(DATA SEGMENT):

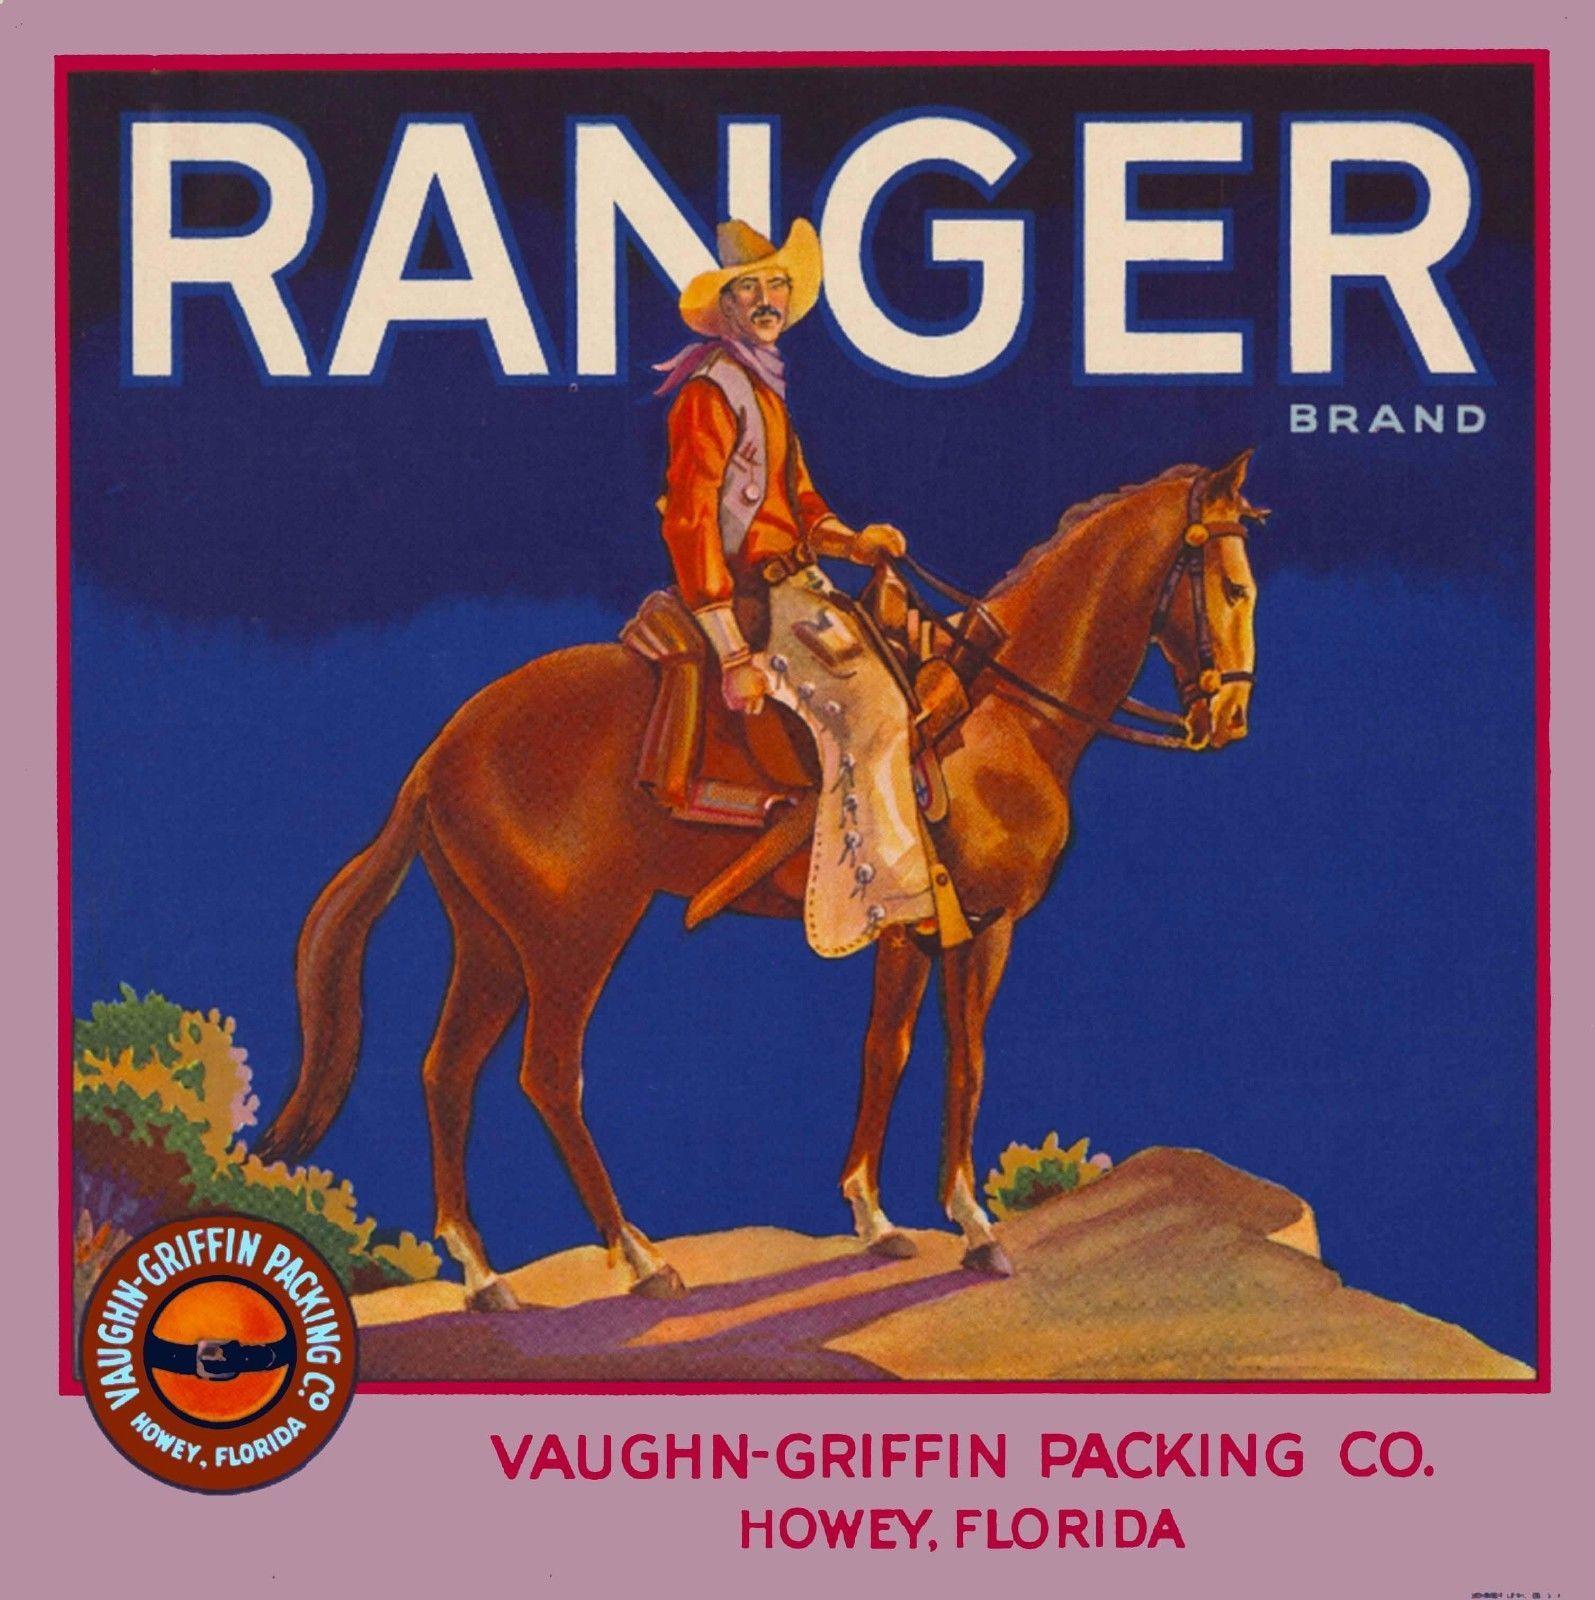 Howey Florida Ranger Brand Cowboy Orange Citrus Fruit Crate Label Art Print
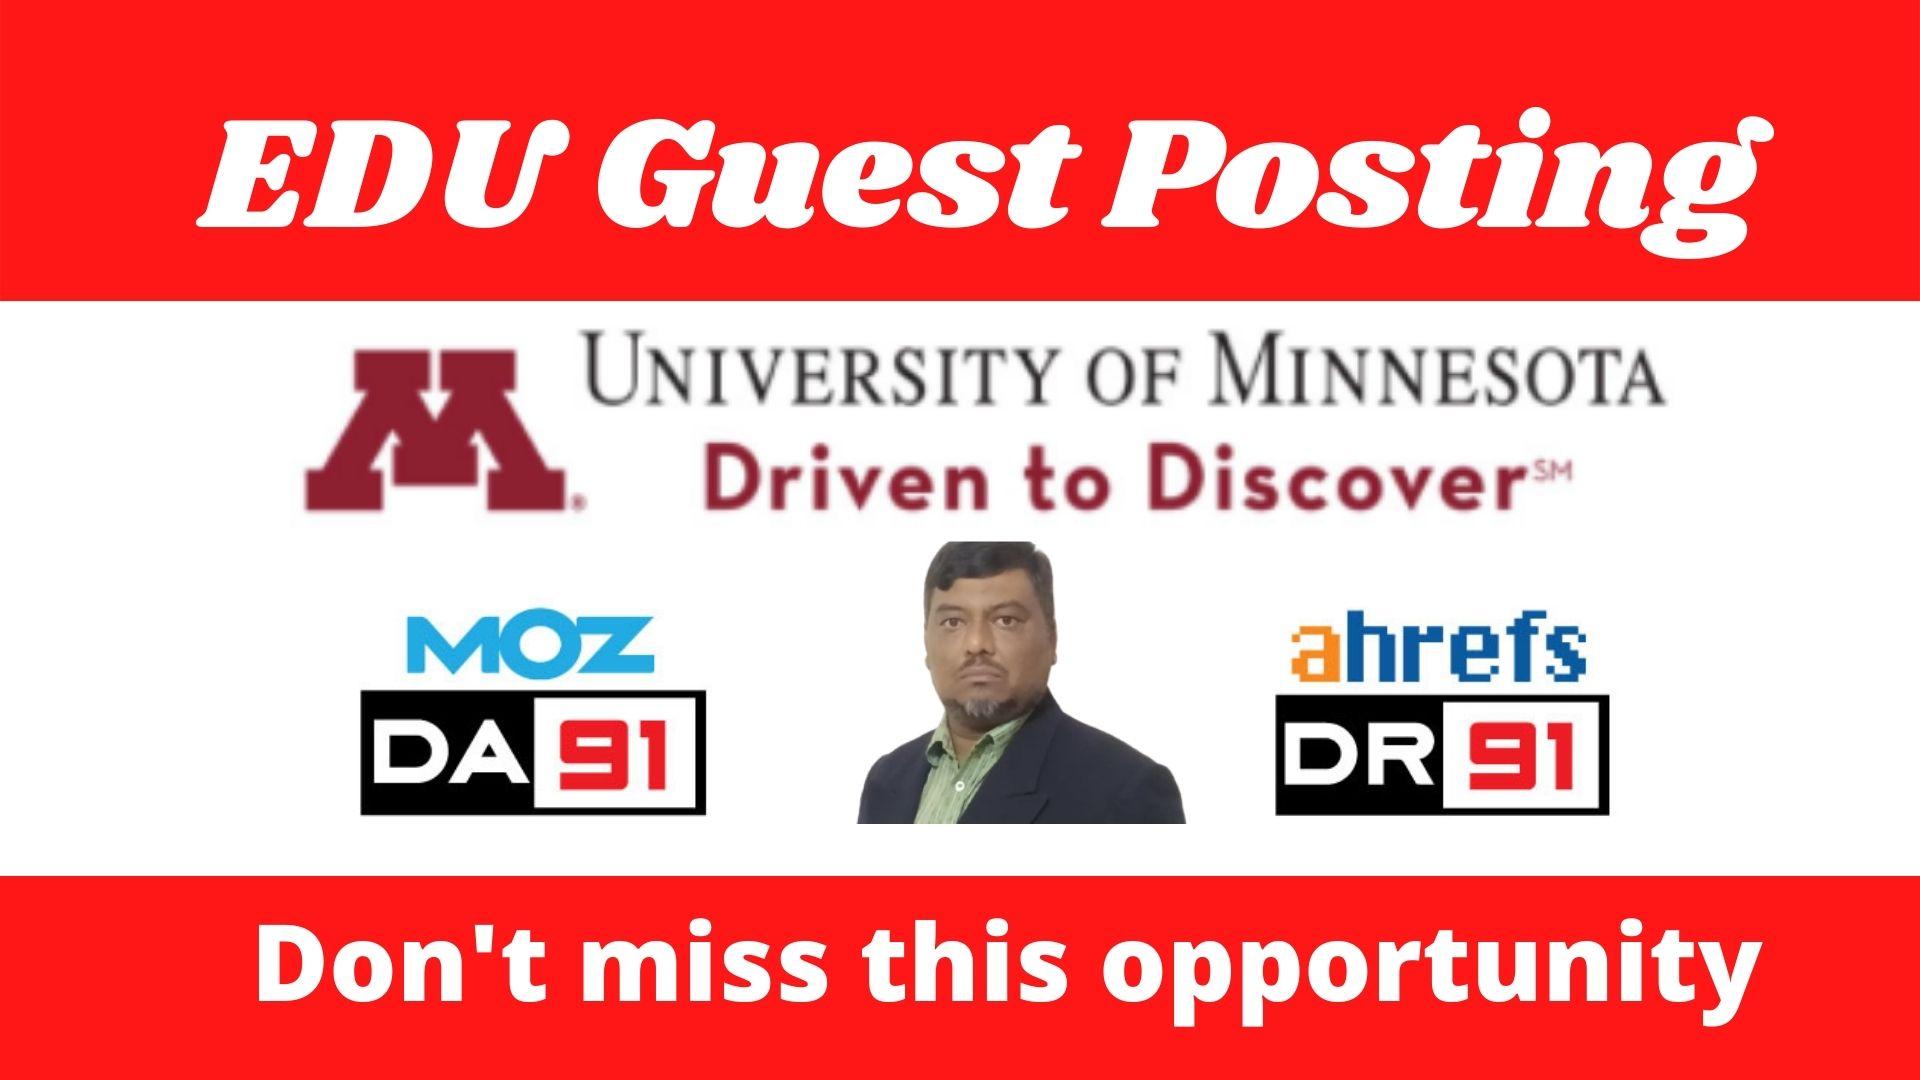 Edu Guest Post on UMN. edu DA91,  DR91 DoFoIIow Link
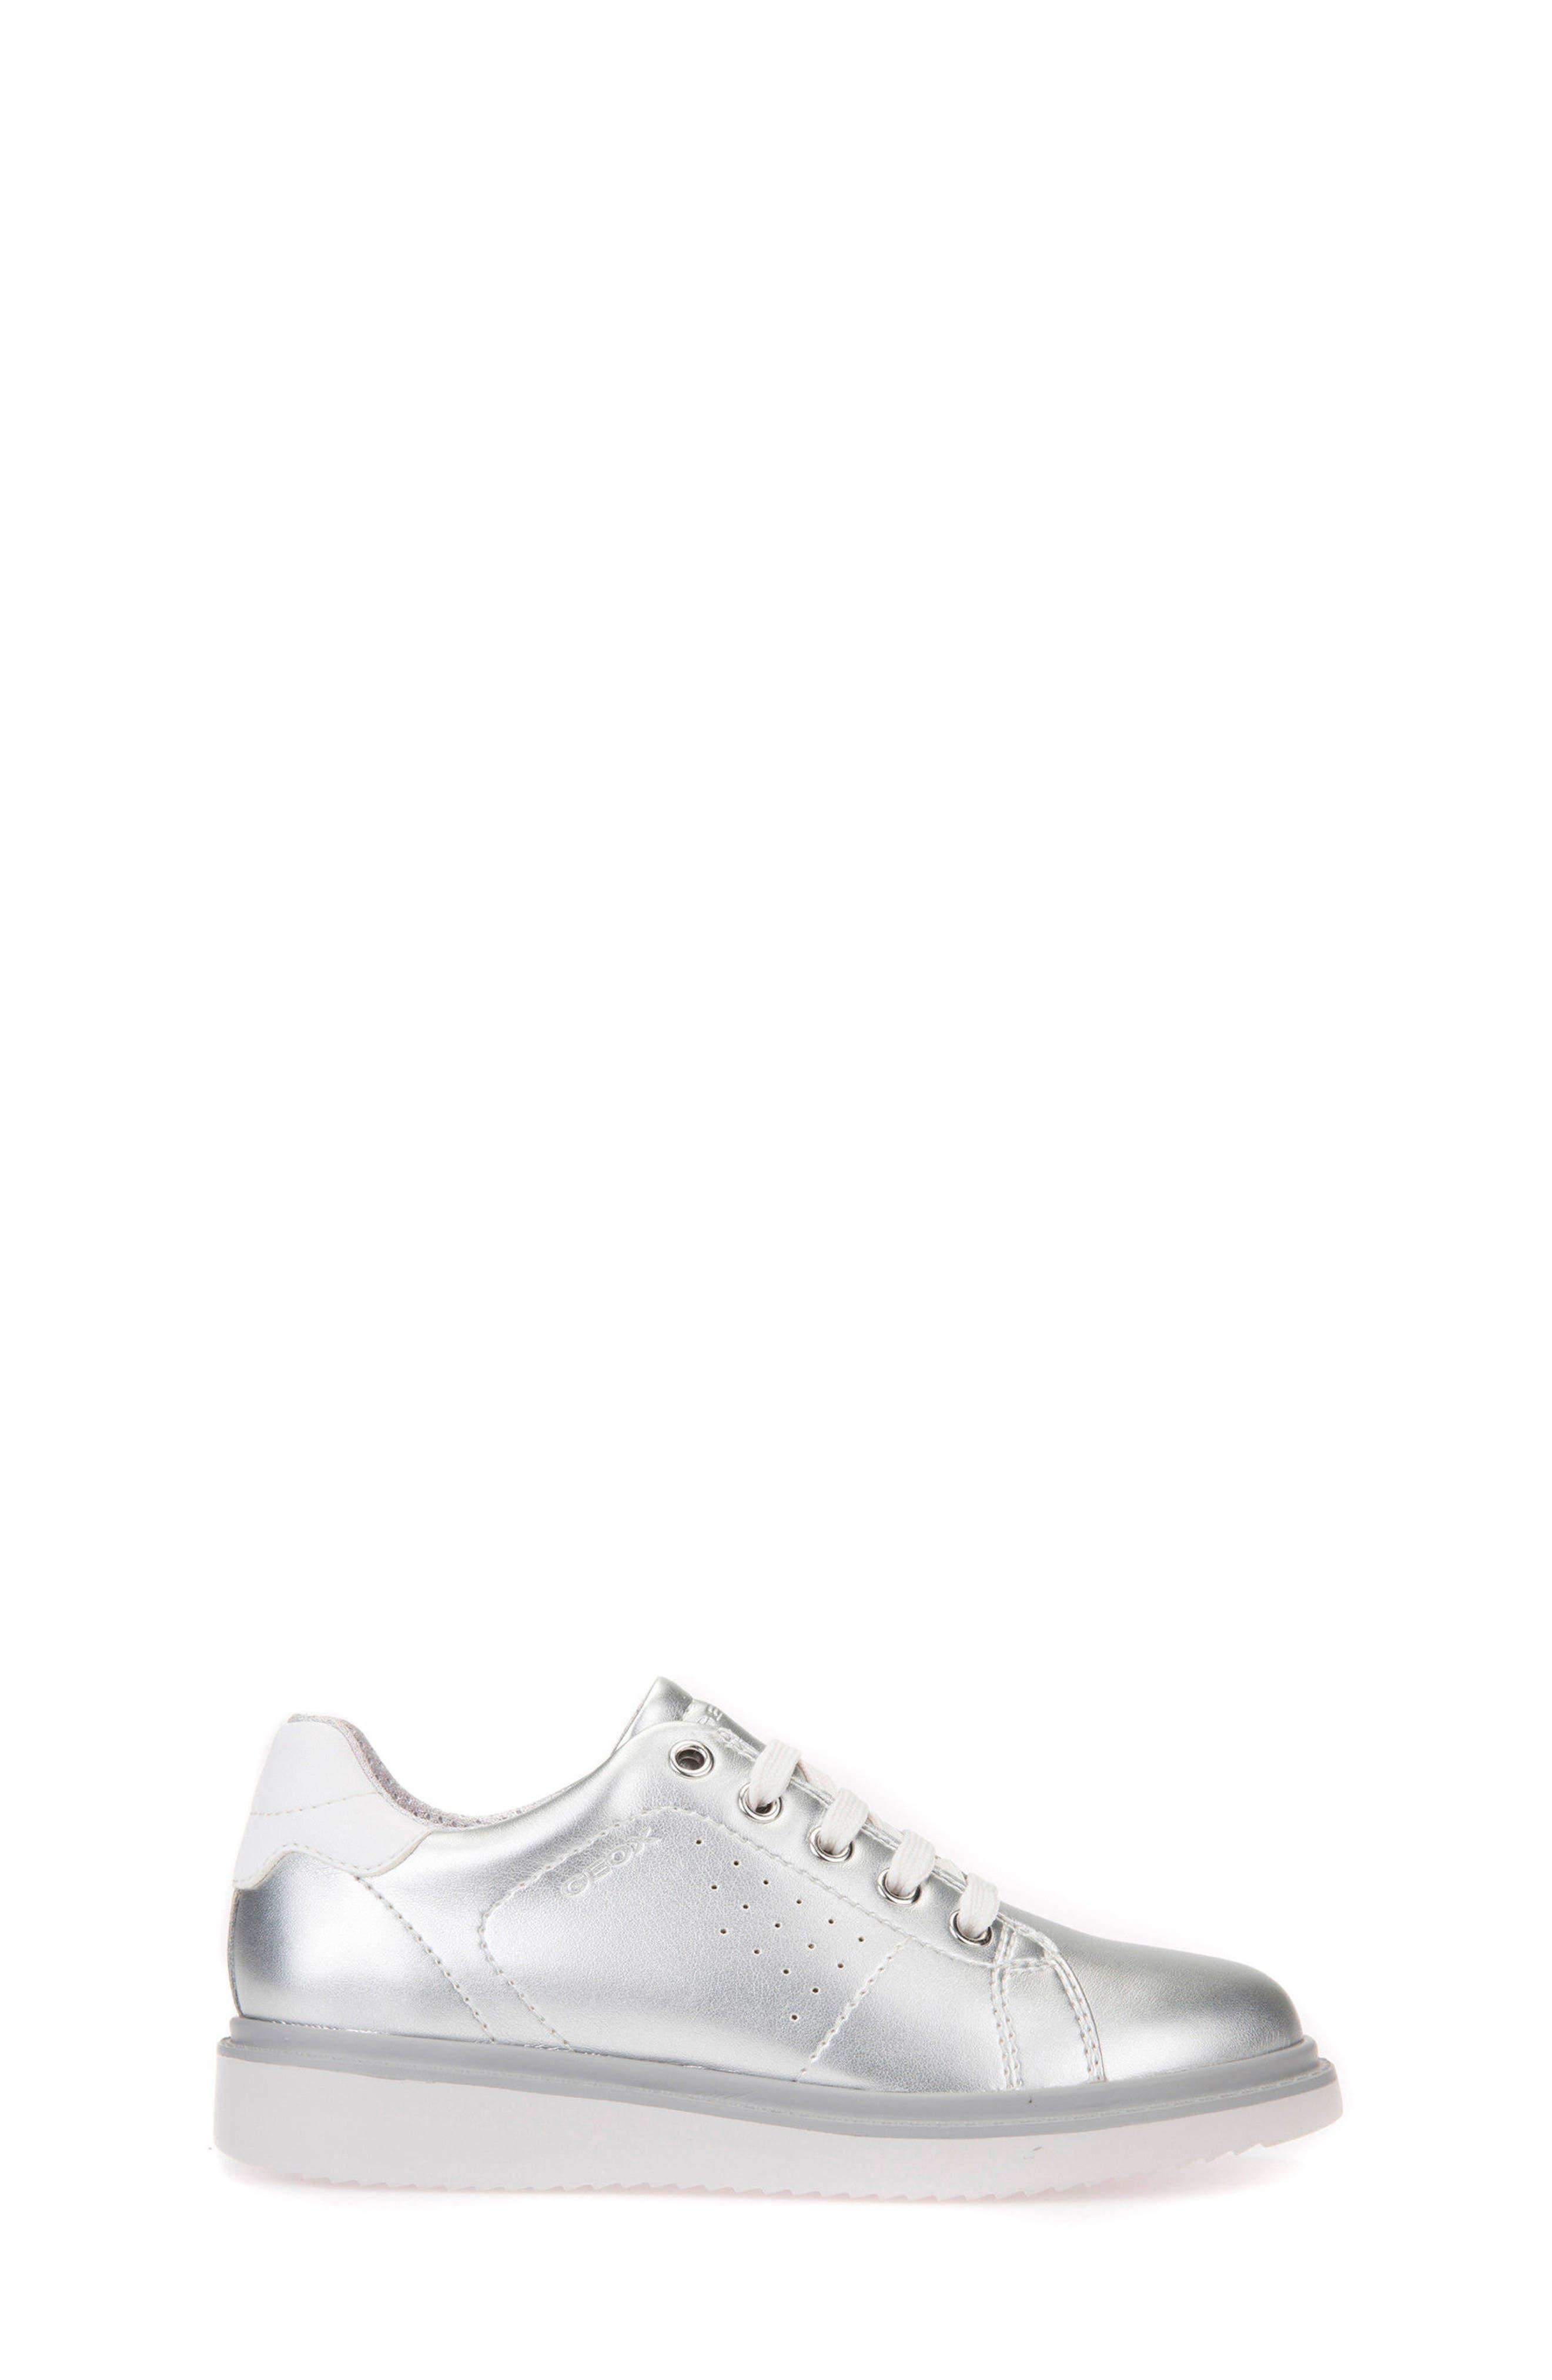 Thymar Low Top Sneaker,                             Alternate thumbnail 3, color,                             SILVER

(WHAT IS EXPECTED): Word for word, please, restate the lines of the listing from the one holding "Edu Guest Post" down to the last line, leaving out any pictures.

(WRITTEN ANSWER):
 Edu Guest Post on UMN. edu DA91,  DR91 DoFoIIow Link
 Thymar Low Top Sneaker,                             Alternate thumbnail 3, color,                             SILVER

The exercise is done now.